OpenAI Agents SDK April 2026: Sandbox Agents, Harness Architecture, Any LLM

Abhishek GautamAbhishek Gautam6 min read
OpenAI Agents SDK April 2026: Sandbox Agents, Harness Architecture, Any LLM

Quick summary

OpenAI Agents SDK April 15 2026 update: sandbox agents with filesystem/Git/snapshot support, harness-compute separation, Codex tools, 100+ LLMs via Chat Completions API. Full developer guide.

OpenAI updated the Agents SDK on April 15, 2026, with a release TechCrunch described as helping enterprises build "safer, more capable agents." The update ships three architectural changes significant enough to affect how you build production agent systems: sandbox agents (a new execution environment for long-horizon tasks), harness-compute separation (control plane decoupled from execution), and broad LLM compatibility (100+ models via Chat Completions API, not just OpenAI models). This is not a minor version bump — it changes the recommended architecture for production agentic systems.

The official documentation is at openai.github.io/openai-agents-python. This post covers what changed, what the architectural decisions mean for production deployments, and what developers need to test immediately.

Sandbox Agents: What They Are and Why They Matter

The sandbox agent is the headlining feature of the April 2026 update. A sandbox agent operates inside a persistent, isolated workspace with access to:

  • Filesystem: files, directories, and mounts — agents can read, write, and navigate a real filesystem inside the sandbox
  • Git repositories: agents can clone repos, create branches, commit changes, and push — enabling full autonomous development workflows
  • Snapshots: the sandbox state can be saved and restored, allowing agents to checkpoint work and resume after interruption
  • Containers: the sandbox can run inside Docker containers or hosted environments, with support for local, containerised, and cloud-hosted execution

Before this update, building an agent that could reliably work on a multi-step coding task — read a codebase, make changes across multiple files, run tests, fix failures, commit — required hand-rolling the filesystem management, state persistence, and container orchestration. The sandbox agent provides this as a first-class SDK primitive.

The direct comparison is to Anthropic's Computer Use and the emerging agentic coding layer in tools like Cursor and Claude Code. OpenAI is now competing directly in the agent execution environment space, not just the model API space.

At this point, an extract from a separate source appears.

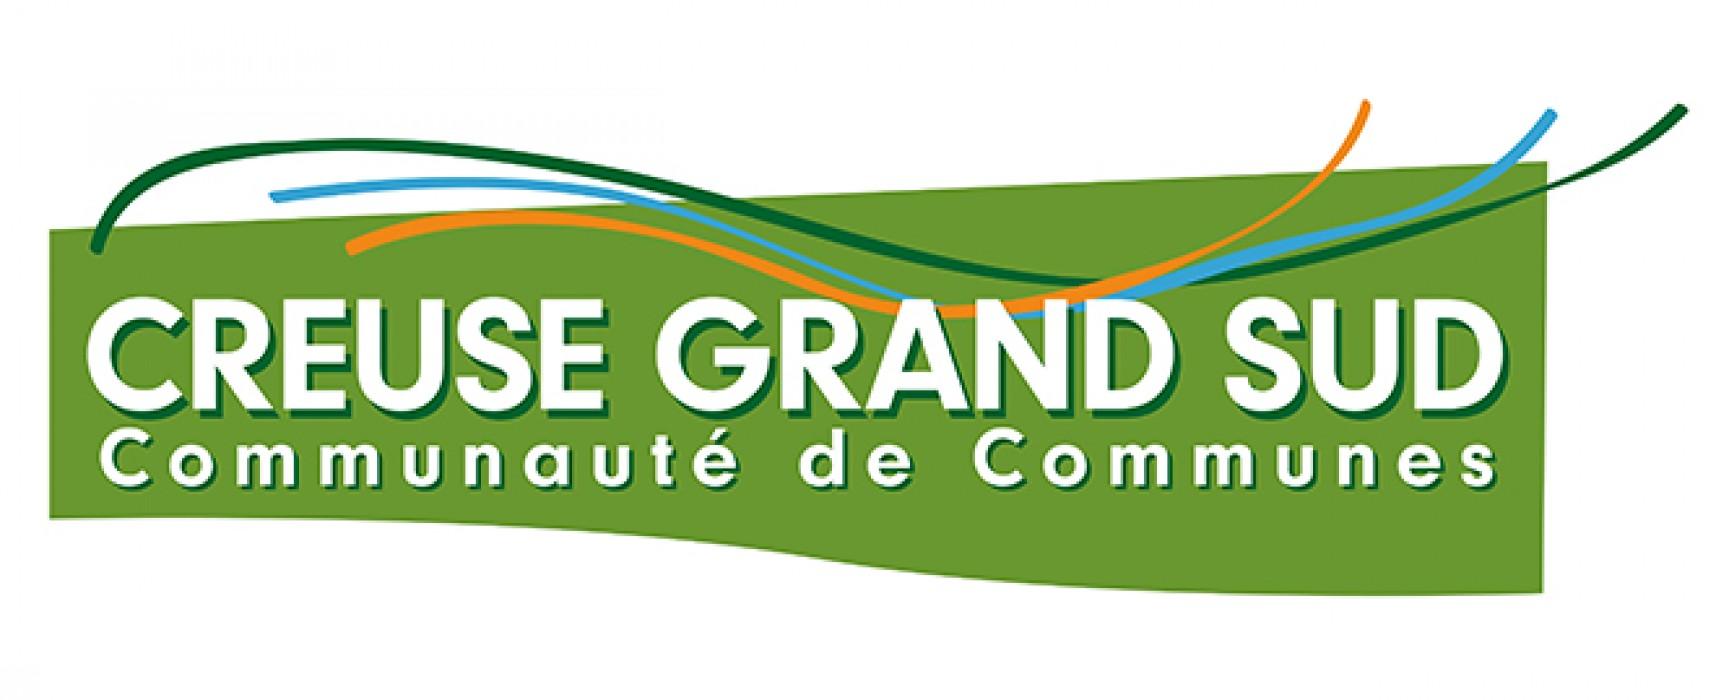 [Covid19-TerritoireEngagé] Plan de reprise d'activité au sein de la Communauté de communes Creuse Grand Sud

What sandbox agents enable that wasn't practical before:

  • Long-horizon coding tasks that span multiple tool calls and file operations without state loss
  • Autonomous code review and refactoring agents that can run tests and verify their own changes
  • Documentation generation agents that read an entire codebase and produce output without context window limits
  • CI/CD agents that can diagnose failures, write fixes, and open PRs autonomously

Harness-Compute Separation: The Architecture Decision

The April 2026 SDK introduces the concept of separating the harness (control plane) from the compute (execution plane). This is an architectural principle that matters for production deployments.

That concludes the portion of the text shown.